Une ministre indifférente à la réalité financière des locataires: ils ont des droits, eux aussi!

Josée Legault
Le gouvernement Legault veut retirer aux locataires leur droit acquis de faire une cession de bail au même loyer payé. Si son projet de loi 31 est adopté, les propriétaires auraient dorénavant le droit de refuser sans motif sérieux.
En pleine crise du logement, la CAQ choisit le pire moment possible pour avantager ouvertement les locateurs. C’est à y perdre son latin et à s’en décrocher la mâchoire du même coup.
Avec une pénurie grave de logements et des loyers dont les prix grimpent de manière vertigineuse, ceux qui parmi les proprios cherchent surtout à maximiser leurs profits ont pourtant déjà le très gros bout du bâton.
Alors, pourquoi leur faire un tel cadeau en extra? La réponse est venue au fil de la tournée médiatique de France-Élaine Duranceau, ministre responsable de l’Habitation.
Elle a dit ceci de fort révélateur: «Tu ne peux pas utiliser un droit qui n’est pas le tien de céder un bail, quand ce n’est pas ton immeuble. Le locataire qui veut faire ça, qu’il investisse en immobilier. »Ah bon? Ce droit existe pourtant au Québec depuis longtemps.

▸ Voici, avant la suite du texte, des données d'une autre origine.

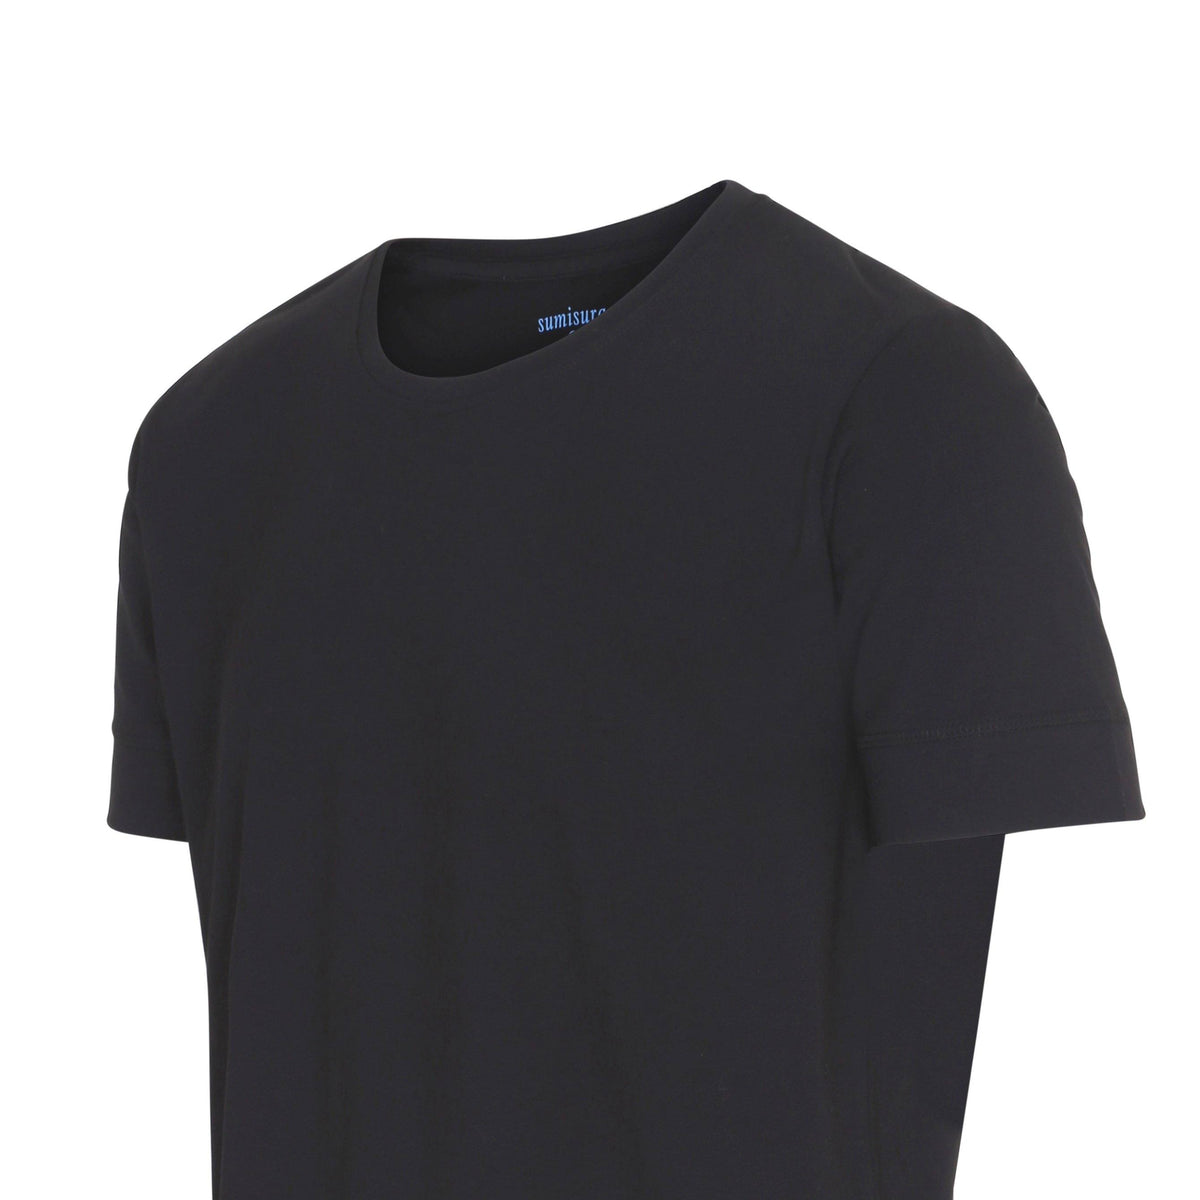 Bari – Heavy Black Round Neck – T-Shirts – Sumisura

Par où commencer? Primo, par sa remarque, la ministre, aussi une ancienne courtière en immobilier, envoie le message que le logement est ni un droit ni un besoin essentiel.
Dans sa vision, si on la comprend bien, c’est un bien immobilier. Point. Une possession mercantile, dont le profit maximal serait l’objectif premier.
Comme des vassaux
Deuxio – à moins que ses paroles n’aient dépassé sa pensée –, en invitant les locataires voulant faire une cession de bail à investir plutôt en immobilier, la ministre leur témoigne un mépris quasi ancillaire digne d’un régime seigneurial.

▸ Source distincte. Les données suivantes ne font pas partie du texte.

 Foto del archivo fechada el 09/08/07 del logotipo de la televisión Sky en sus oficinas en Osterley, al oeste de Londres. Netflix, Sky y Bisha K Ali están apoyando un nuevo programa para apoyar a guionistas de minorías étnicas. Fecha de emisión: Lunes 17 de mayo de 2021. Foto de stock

Dit autrement, tant qu’ils ne sont pas bénis du titre royal de «propriétaires», pourquoi donc auraient-ils le droit de se prévaloir de leur outil restant de solidarité entre locataires pris à la gorge par des augmentations abusives de loyer?
Or, pourquoi diable la condition même d’être «locataires» leur vaudrait, comme des vassaux, d’être privés tout à coup d’un droit acquis?

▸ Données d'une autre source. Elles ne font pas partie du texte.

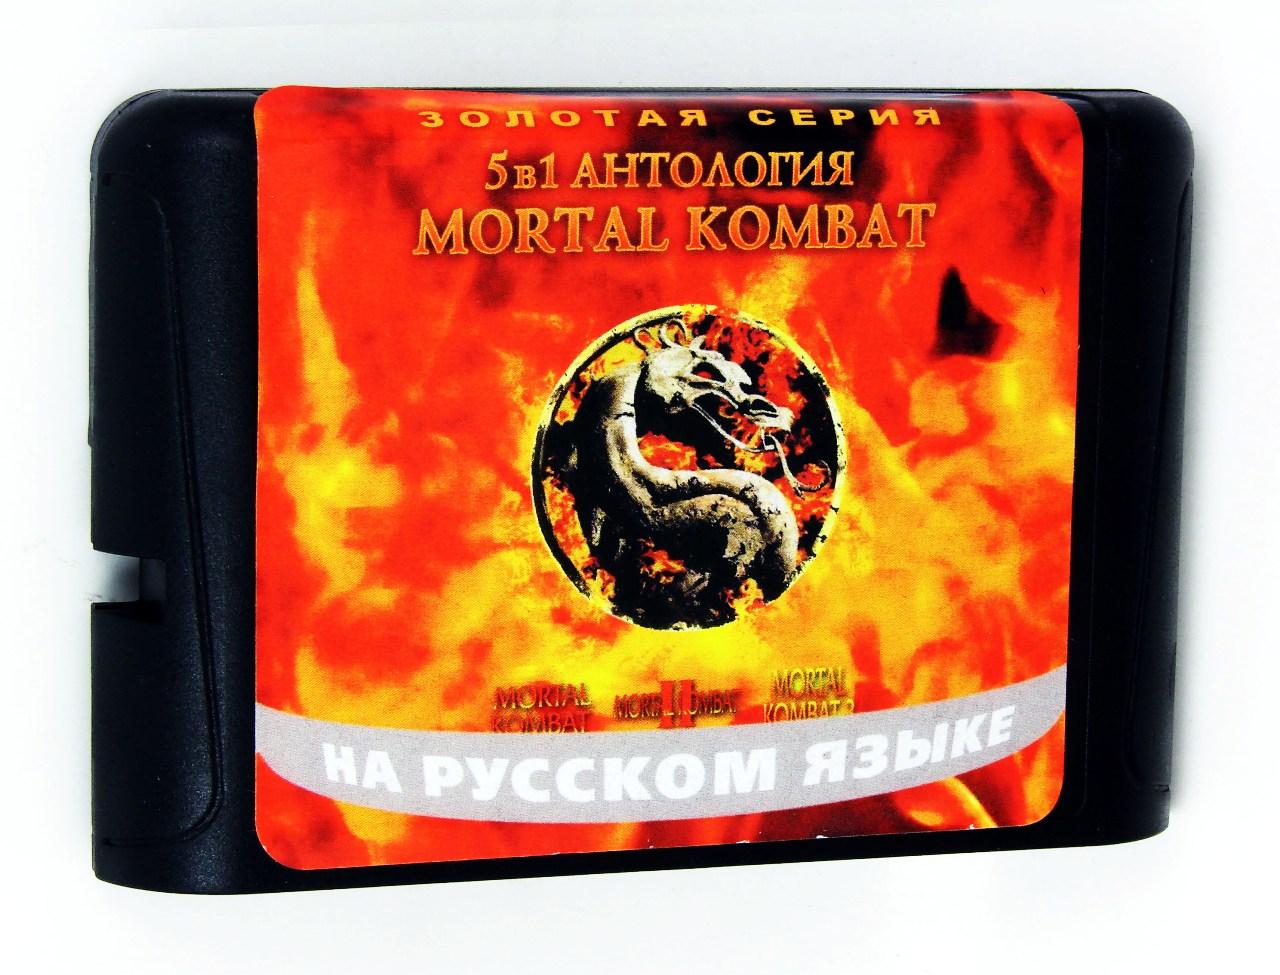   Sega AC 5001 5 in 1 ( Mortal Kombat) (Sega), Mortal Kombat 1-2-3-5, Ultimate

Par ses mots, France-Élaine Duranceau trahit aussi une indifférence déconcertante face aux réalités financières limitées de la plupart des locataires.
La crise du logement est réelle
Rappelons qu’à Montréal, 65 % des ménages, incluant de nombreuses femmes seules, sont locataires. Ce sont ceux et celles qui, n’ayant pas les moyens d’accéder à la propriété, contribuent rondement à payer les hypothèques de leurs locateurs. Alors, un peu de respect, s’il vous plaît.
La ministre croit-elle que parmi tout ce beau monde, ceux qui voudraient exercer leur droit de faire une cession de bail pourraient plutôt «investir en immobilier»? Comment le feraient-ils? En montant les marches de l’Oratoire à genoux? Soyons sérieux.
Parce que cette mesure du projet de loi 31 fait passer le droit au logement bien après le droit à la propriété, dont sa marchandisation accélérée, sur le plan social, elle est fort inquiétante.
Pour les locateurs qui, avant tout, cherchent à établir des rapports respectueux avec les locataires – et il y en a –, elle paraît tout aussi déraisonnable.
Quant à ceux dont le but est de profiter financièrement au max des locataires, pourquoi leur offrir le droit superfétatoire de refuser une cession de bail?
Malgré que la mairesse de Montréal et le gouvernement de la CAQ aient nié son existence jusqu’à récemment, la crise du logement n’est pas une fiction. Ceux qui la subissent le savent. La ministre serait sage de le savoir aussi.
On trouve quelques bons éléments dans son projet de loi, mais cette idée de retirer un droit acquis important aux locataires est injustifiée parce qu’elle est injustifiable.
C’est pourquoi cette mesure du projet de loi 31 mérite la filière 13 au plus vite. Ce qui serait, sans nul doute, un recul salutaire.